Share

Bab 9

Author: Nanda
last update Last Updated: 2024-05-29 10:27:22
Rudi menghela napas lega, tetapi tetap berkata dengan nada dingin, "Ini kutukar dengan jasaku. Kalau Yang Mulia benar-benar menarik kembali dekretnya, itu pasti akan membuat para tentara kecewa. Hari ini, Yang Mulia panggil aku ke Istana, tapi tidak menemuiku. Mungkin karena kamu mengeluh pada Yang Mulia. Intan, aku tidak akan perhitungan denganmu, tapi aku sudah cukup baik padamu."

"Kuharap kamu bisa sadar diri dan jangan membuat masalah lagi. Setelah aku dan Linda menikah, aku akan memberimu anak agar kamu punya sokongan di hari tua."

Intan menunduk ke bawah dan memberi perintah dengan cuek, "Mutiara, antar tamu keluar!"

Mutiara maju seraya berkata, "Jenderal, silakan!"

Rudi mengibaskan tangan dan langsung pergi.

Sebelum Intan bisa berbicara, Mutiara sudah meneteskan air mata tanpa henti.

Intan menghampirinya, lalu bertanya, "Kamu kenapa lagi?"

"Aku merasa sedih untuk Nona. Nona tidak sedih?" tanya Mutiara dengan suara bindeng.
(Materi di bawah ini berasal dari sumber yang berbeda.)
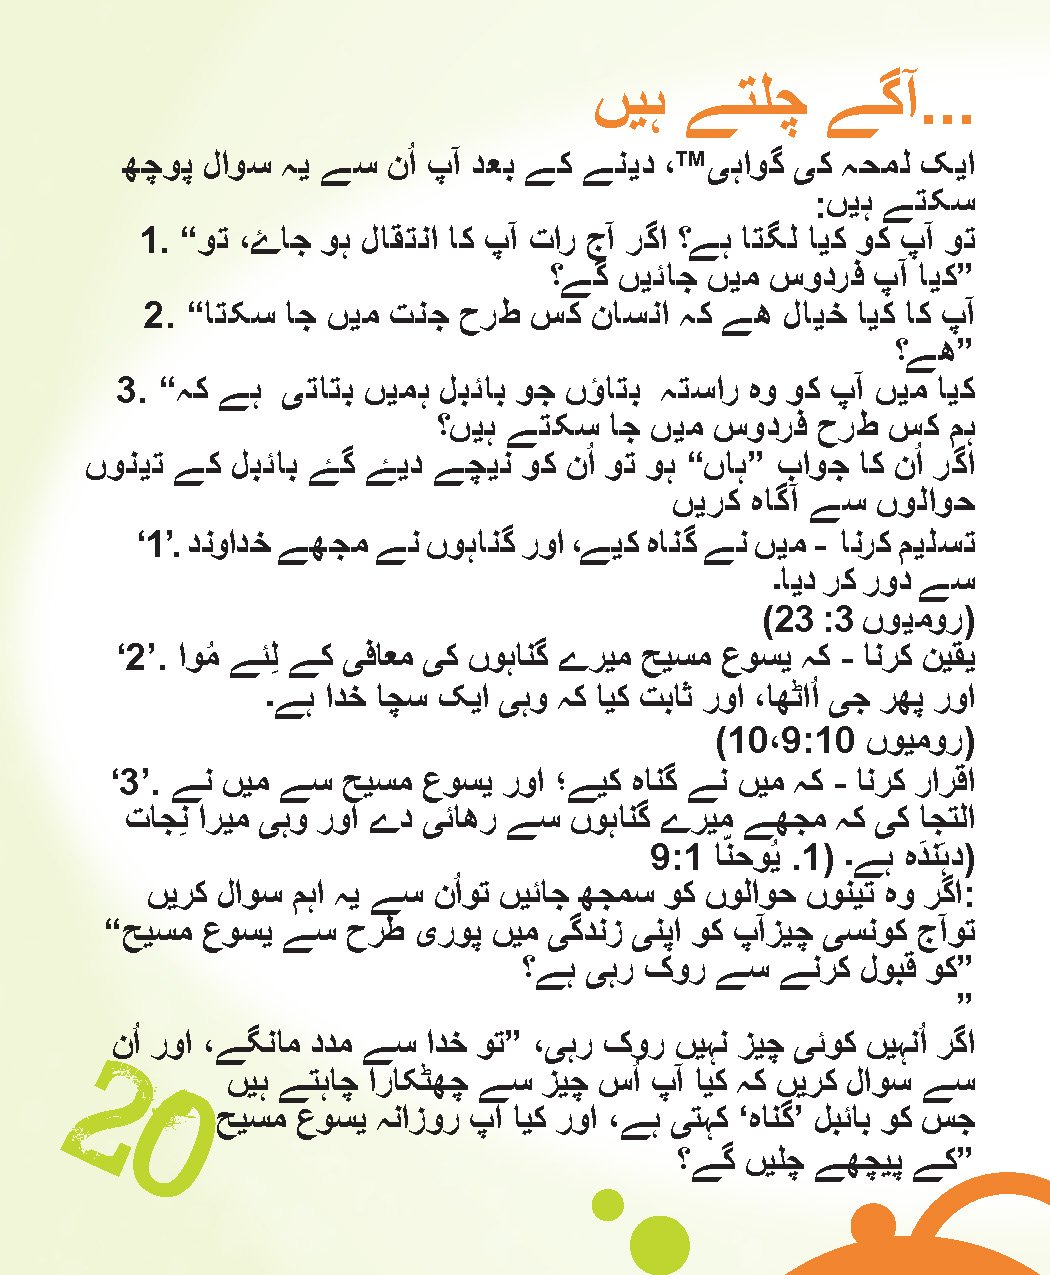 Urdu_20.jpg

Intan tersenyum saat menjawab, "Sedih, tapi apa gunanya? Lebih baik pikirkan bagaimana cara memperbaiki kehidupan kita untuk ke depannya. Keturunan Keluarga Belima bukan orang lemah!"

Mutiara menyeka air matanya dengan saputangan dan mengerenyotkan bibirnya. "Kenapa semuanya menindas Nona? Nona sudah sangat baik pada orang-orang di Kediaman Jenderal."

"Karena aku sudah tidak penting lagi di mata mereka," jawab Intan sambil tersenyum. Sebenarnya, dia sama sekali tidak penting, tetapi harta bawaannya yang penting.

Mutiara makin menangis karena Nona Intan adalah yang terpenting di dalam hatinya.

"Sudah, jangan menangis, lanjutkan saja kesibukanmu. Hidup ini tetap harus kita jalani." Intan mengelus pipi Mutiara. "Pergi sana!"

"Nona!" Mutiara berusaha menyeka air matanya. "Orang-orang yang dibawa saat Nona menikah ke sini juga akan Nona bawa pergi semua?"

"Aku memegang akta jual mereka. Kalau aku pergi, Linda pasti akan menindas mereka. Tentu saja kalian harus pergi bersamaku."

Saat menikah, Ibu menunjuk Dayang Ita, Dayang Irna, empat pelayan laki-laki dan empat pelayan perempuan untuk ikut bersamanya.

Dalam setahun ini, Diana sakit kronis sehingga Intan-lah yang mengurus Kediaman Jenderal dan orang-orang yang dia bawa saat menikah menduduki posisi penting. Alasan pertama adalah kurangnya pelayan di Kediaman Jenderal. Honorarium Ayah mertua dan Rudi tidak tinggi, mereka juga tidak melakukan bisnis untuk mencari uang sehingga Keluarga Wijaya tidak mampu membiayai terlalu banyak pelayan.

Alasan kedua adalah akan lebih lega dengan mempercayakan pelayan sendiri, tidak perlu membangun kewibawaan untuk menggetarkan orang lain. Intan juga bisa meluangkan lebih banyak waktu untuk merawat Diana yang sedang sakit.

Adapun harta bawaan Intan, telah digunakan sebagian untuk meringankan pengeluaran Keluarga Wijaya karena obat yang dikonsumsi oleh Diana sangat mahal.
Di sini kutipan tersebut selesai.